Let's Encrypt had a higher error rate for 90 minutes today
Outage impact and status-page semantics
- Incident was a ~90-minute period of elevated issuance errors due to upstream networking, not a full-day outage.
- Let’s Encrypt staff (posting personally) say most requests still succeeded; some users report repeated 400/500s and zero successful renewals during that window.
- Confusion over “Degraded Performance”: some read it as near-total failure; others note status-page language often downplays serious problems.
- The status banner being green during an “Active Incident” is criticized as misleading, especially on mobile where detailed status text is off-screen.
Short certificate lifetimes vs. revocation
- Debate over push for ever-shorter lifetimes (90 days → 45 days → even days).
- One side: shorter lifetimes limit damage from stolen keys and shrink CRLs; expiry is core to the model.
- Other side: more frequent renewals increase dependence on CA uptime and infrastructure fragility; revocation should be fixed instead.
- Revocation today is widely viewed as broken, though some argue newer mechanisms (e.g., CRLite in Firefox) largely solve this, pending broader vendor adoption.
Operational hygiene and automation
- Many emphasize clients should renew well before expiry (e.g., at 60 of 90 days) and with retries/backoff, making short outages a non-event.
- Criticism of setups that attempt renewal only shortly before expiry; compared to using a passport that is technically valid but effectively unusable near expiration.

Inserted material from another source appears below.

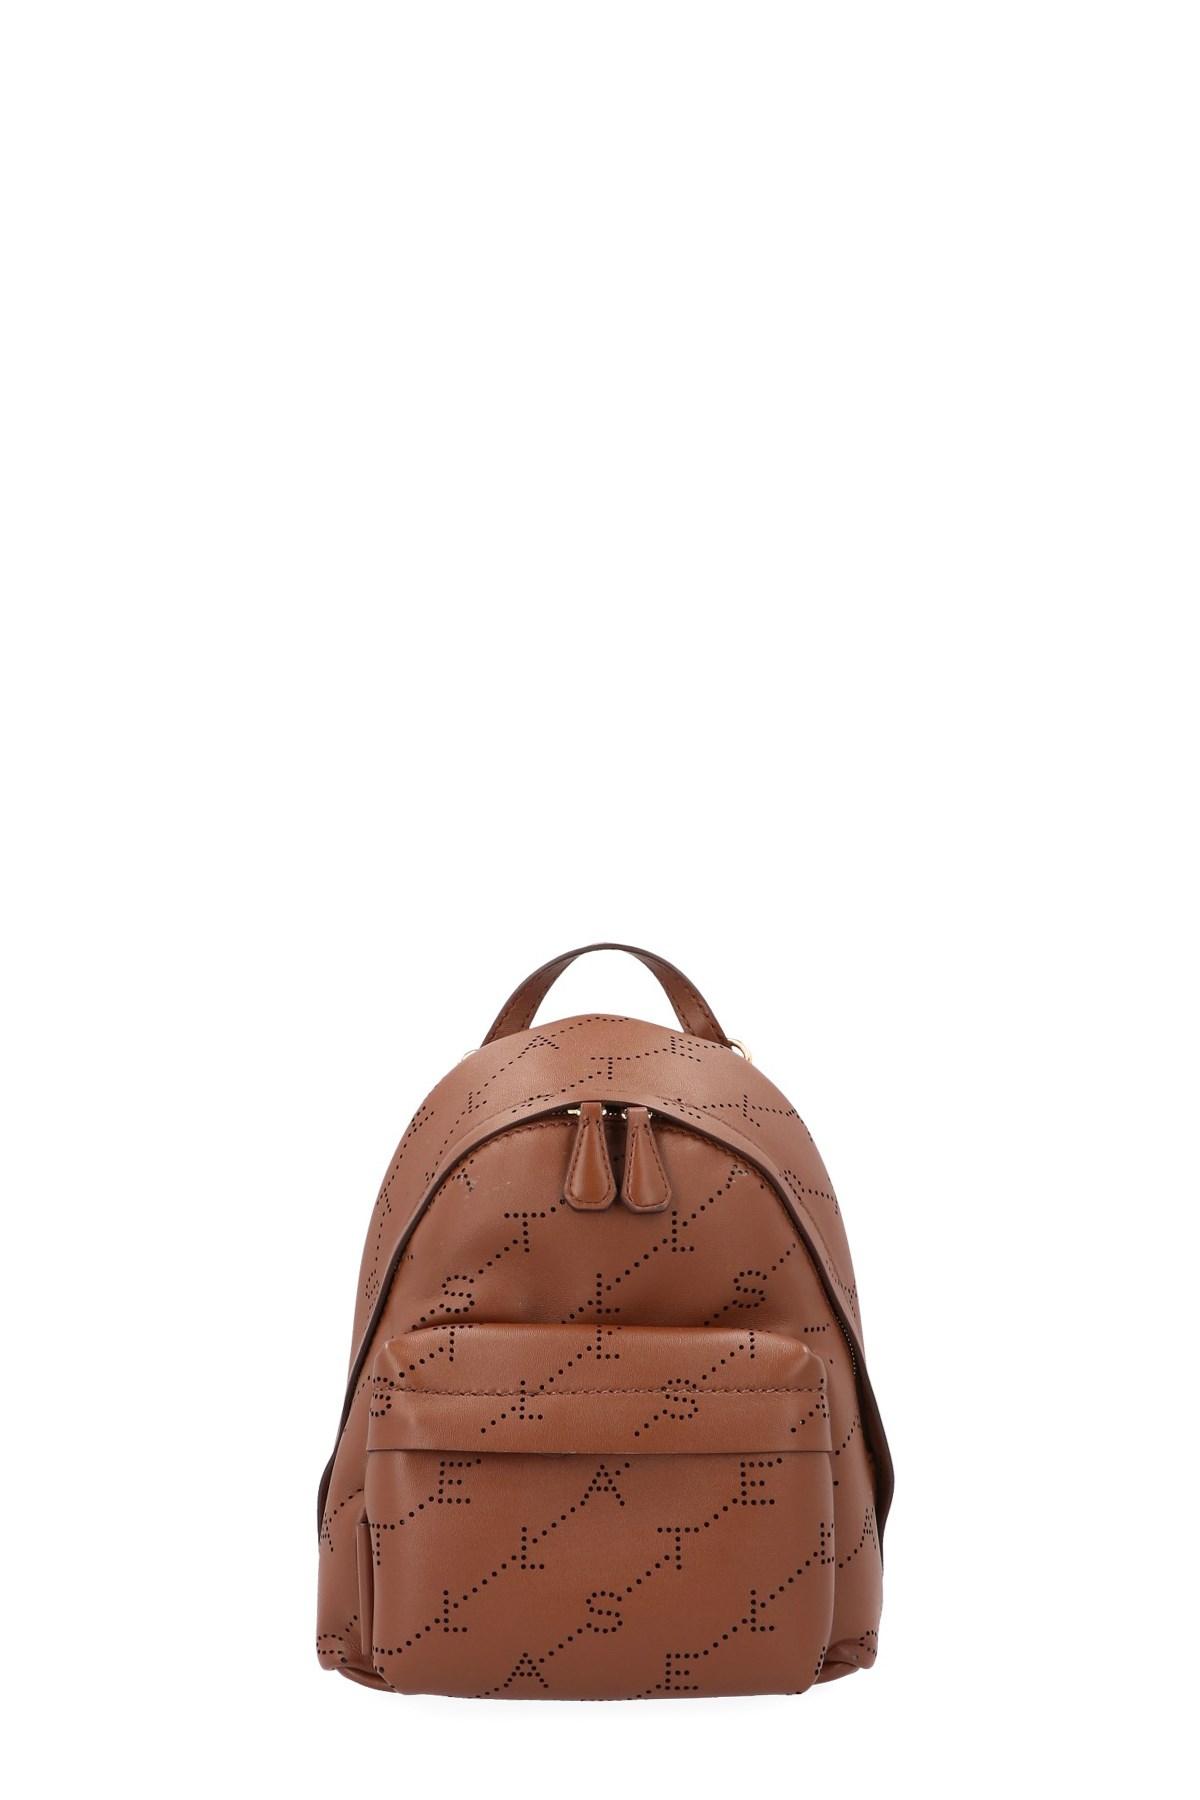 stella mccartney  The logo bag  backpack available on julian-fashion ... 5c6508f8fa846

Alternatives and centralization risk
- Some see Let’s Encrypt as a de facto single point of failure for much of the web; others counter that alternative CAs (ZeroSSL, Google Trust Services, etc.) exist.
- Practical switchover in a crisis is questioned: lack of built-in failover, potential load spikes on other CAs, and complexity of serving multiple certs per key.
- Broader critiques target the web PKI model and reliance on US-based CAs; proposals include DNS-published self-signed keys or stronger regulation of network intermediaries.
Browser handling of expired certificates
- Disagreement over whether browsers should soften errors for just-expired certs.
- Some argue harsh failures are necessary to force proper automation and avoid security complacency; others think nuanced, time-based warnings could improve usability without major risk.